The growing population of San Francisco’s Chinatown was generally considered a key factor responsible for the worsened living conditions in Chinatown. However, despite the fast growth of Chinatown in the decade following World War II, in the next decade (1960–1970), the population grew only 1.8 percent (from 55,091 to 56,013). 30 The most significant demographic changes were those of age, gender, and household composition. Accordingly, between 1960 and 1970, the age group between fifteen and twenty-four increased 84 percent, and young adults then comprised 17.6 percent of Chinatown’s total population. The number of senior Chinese residents also increased 16.5 percent, comprising 14.4 percent of the population. Meanwhile, the ratio between male and female residents tended to be more balanced, and the family population increased by 5.8 percent. 31 Thus, attributing the housing crisis in the 1960s and 1970s solely to the increasing number of Chinese immigrants was not entirely accurate. A more important factor causing the housing shortage in Chinatown was the polarization of the population between the young and old, both of whom earned less income than adults in their middle years, combined with the shrinking availability of housing stock. 32
During the 1960s, around 1,442 housing units were lost in San Francisco’s Chinatown, a decline of 5 percent. The loss of housing units was more severe in the core area of Chinatown, where a 14.2 percent decrease in available housing units was recorded. 33 As the 1970 Chinatown census concluded, the loss of housing units was worst in tracts having a high concentration of low-income residents, while the higher-income residential areas gained. 34 The 1,590 new housing units in the adjoining neighborhoods of Chinatown, such as Russian Hill and Northern Waterfront areas, were all aimed at upper-income and high-middle-income populations and, hence, did not alleviate Chinatown’s primary housing crisis. 35 Commercial developments also replaced some of the housing. The city’s growth-oriented agenda prioritized the interests of private profit-making, while the desires and needs of working-class and low-income communities were neglected.

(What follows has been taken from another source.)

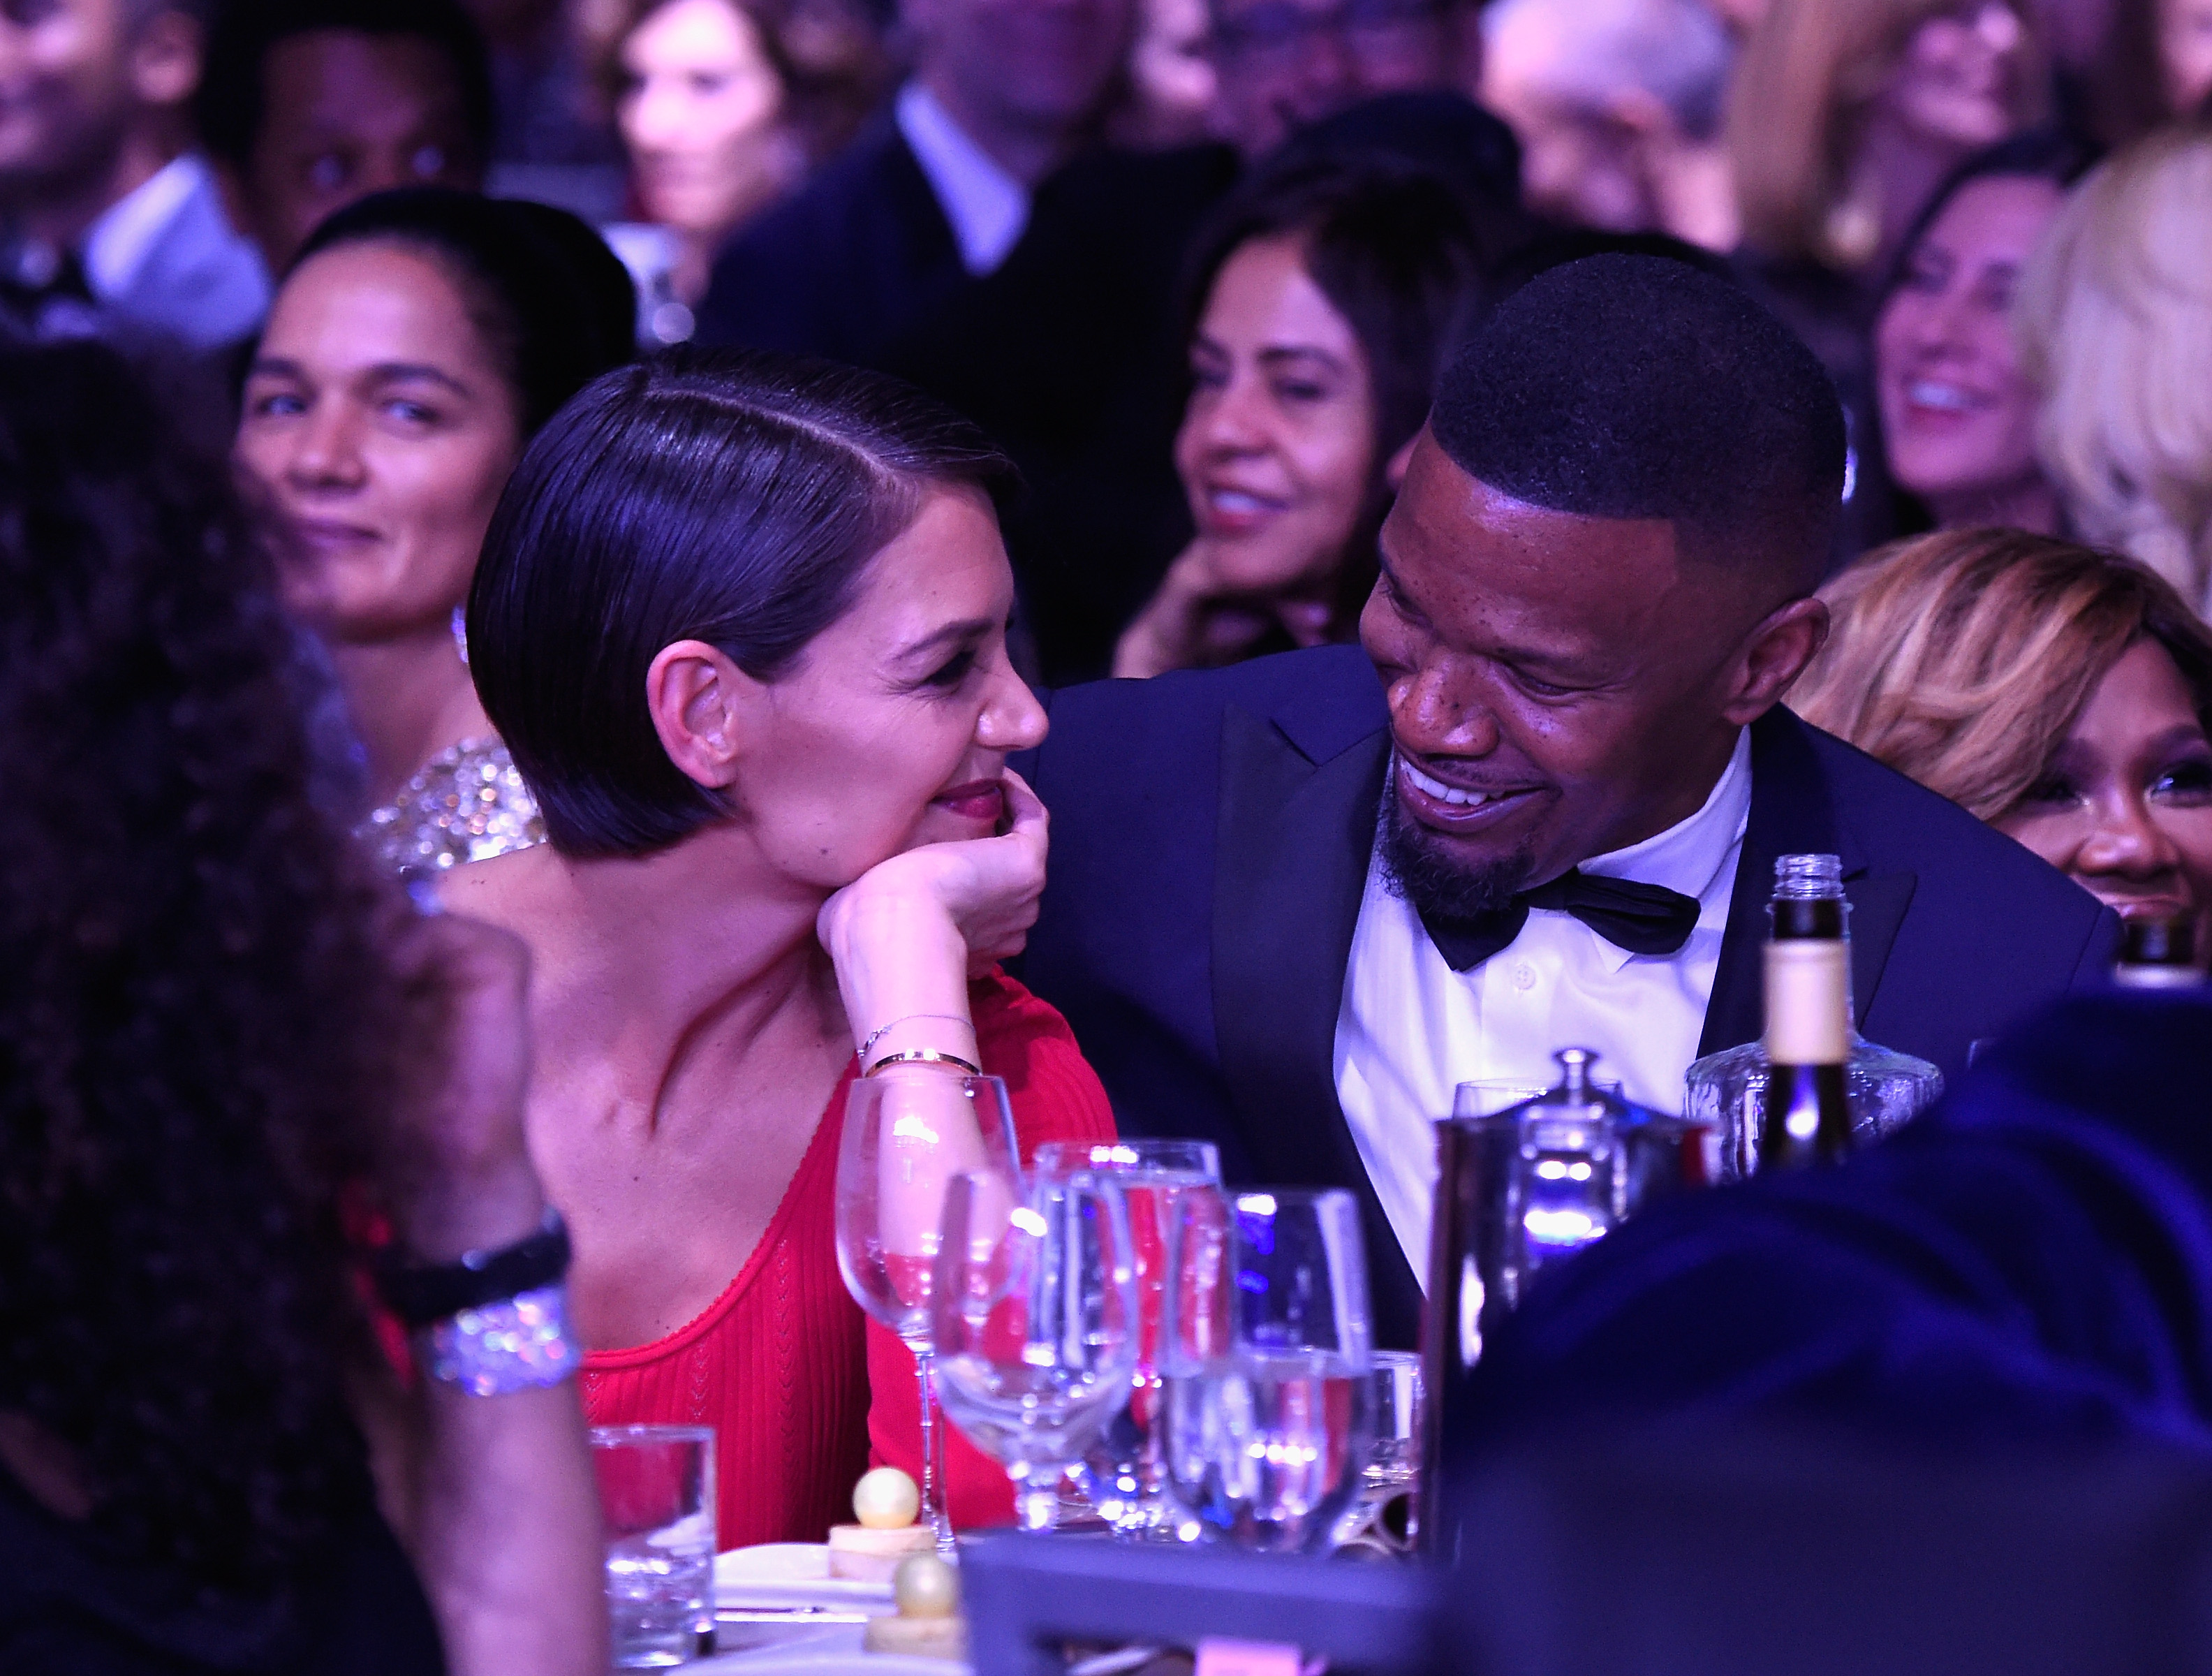 Katie Holmes and Jamie Foxx at the Clive Davis and Recording Academy Pre-Grammy Gala in New York City, 2018 | Source: Getty Images

In addition to a severe housing shortage, the lack of recreational spaces was a great concern to the community. According to a study conducted by students at University of California, Berkeley, the funds appropriated for recreational purposes in Chinatown by the city’s Parks and Recreational Department ranked among the lowest per capita from 1961 to 1969 compared to other parts of the city. Chinatown’s public recreational spaces included the Chinese playground (0.58 acres) built in 1927, the Chinese Recreational Center (0.55 acres) from the 1950s, and the historic Portsmouth Square (1.21 acres). 36 These recreational spaces were far from sufficient for the 9,124 people living in the core area of Chinatown in 1970. Regardless, a group of Chinese developers formed a company known as the City of San Francisco Waverly Parking Plaza Corporation in 1966, aiming to develop a parking lot to replace the Chinese playground. Concerned community members contested the plan by asking for whom the garage was intended, given that few of the residents in Chinatown’s core area owned automobiles. 37 With the congested conditions of Chinatown, they also argued that a new parking lot would bring more traffic into the community, which would worsen the traffic congestion and raise safety problems for the residents, especially young children. 38 The entire Chinatown/North Beach area had only ten square feet of outdoor recreational space per person, which was much lower than the average city standards of ninety square feet per person. 39 The scarcity of the outdoor recreational space posed severe dilemmas for the community’s health and well-being.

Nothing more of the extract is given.